For some reason, I kept a connection with them. I think it was less about being a bit friendlier with one of them during school (he taught me how to drive a car, since I only rode and was licensed for a motorcycle back then). I suspect my connection has more to do with a strange and tragic event that occurred to one of them. Back in the bad old hitchhiking days, before the existing of the Amber of Amber Alerts, this guy’s sister was abducted and gone missing on a lonely upstate road. There was a massive search for her that spread across the northeast in one of the earliest high-profile instances of what we now think of as gritty grist for the Dateline mill. We were all in shock and tried to be as supportive of our fraternity brother in his pain and angst.
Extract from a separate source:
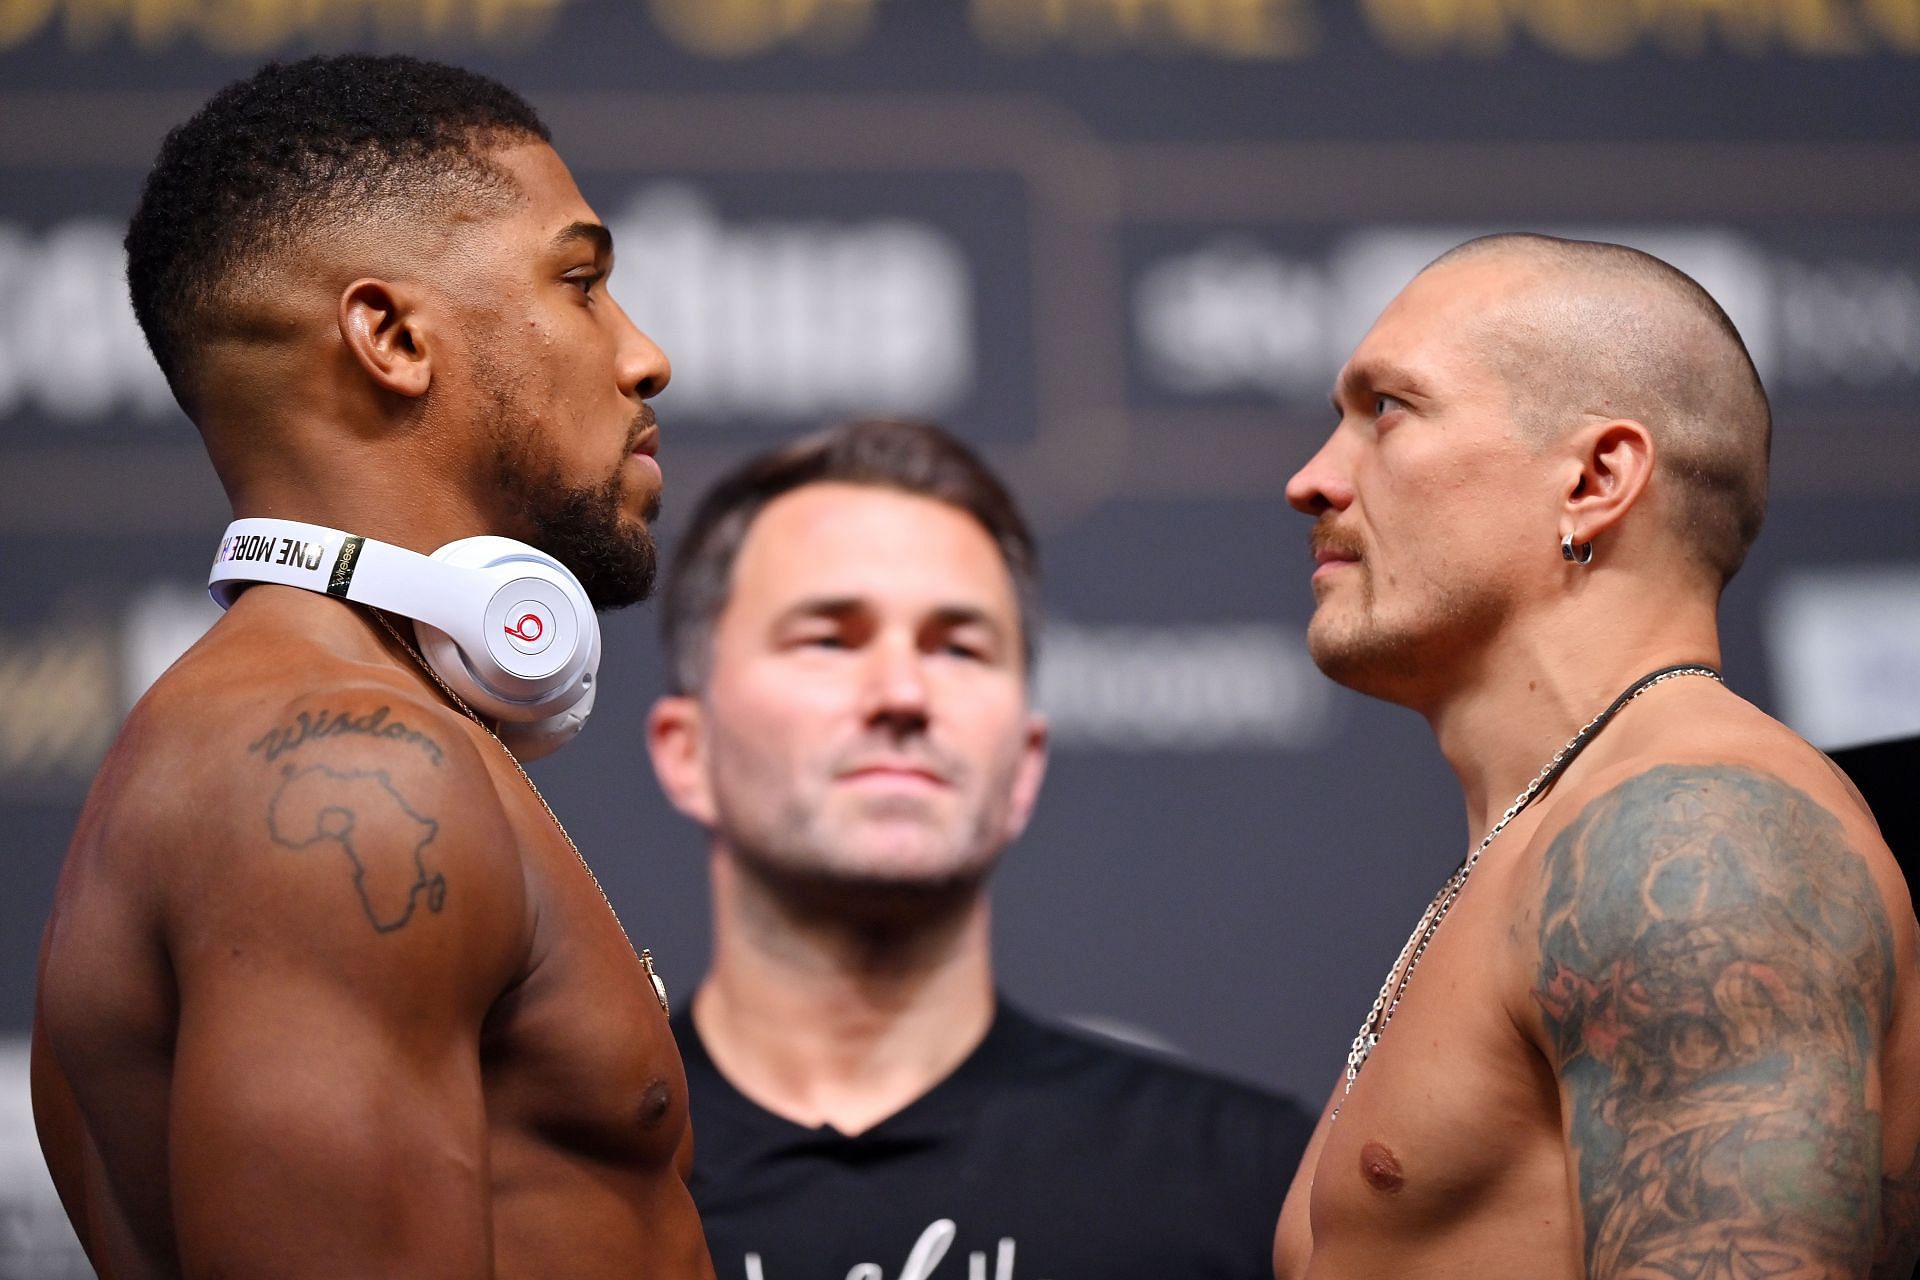 Enter caption Anthony Joshua and Oleksandr Usyk face off before their first fight last September

She was eventually found and her abductor caught. I do not remember the how, where or when of the capture, but it was quickly confirmed by finding her beaten and raped body in some lonely spot. The physical evidence against the perpetrator was overwhelming and he was convicted and sentenced to a very long time in prison. Well, even long times run out and starting about fifteen years ago he was up for parole, having never admitted to nor shown remorse for the crime. He had been a less-than-ideal prisoner but he came up to the parole board nonetheless. As part of the victim’s voice efforts of the modern legal system, the young girl’s family (my fraternity brother and his kin) launched a concerted effort to supply the court with abundant evidence that the pain and suffering of the family and friends of the girl had not been assuaged adequately to consider leniency on this evildoer. I was one of the people asked by my fraternity brother to write a letter to the court, which I dutifully did. Thereafter and approximately every five years since (most recently earlier this year) I have been asked to send another letter to the court to do likewise. This small act of kindness, a trivial task for someone like me, especially compared to the lingering pain this family feels, was easy to justify and to do. But it re-created a bond with this fraternity brother of old and reconnected me to his coterie of fraternity friends who knew me and seemed to welcome me to their group.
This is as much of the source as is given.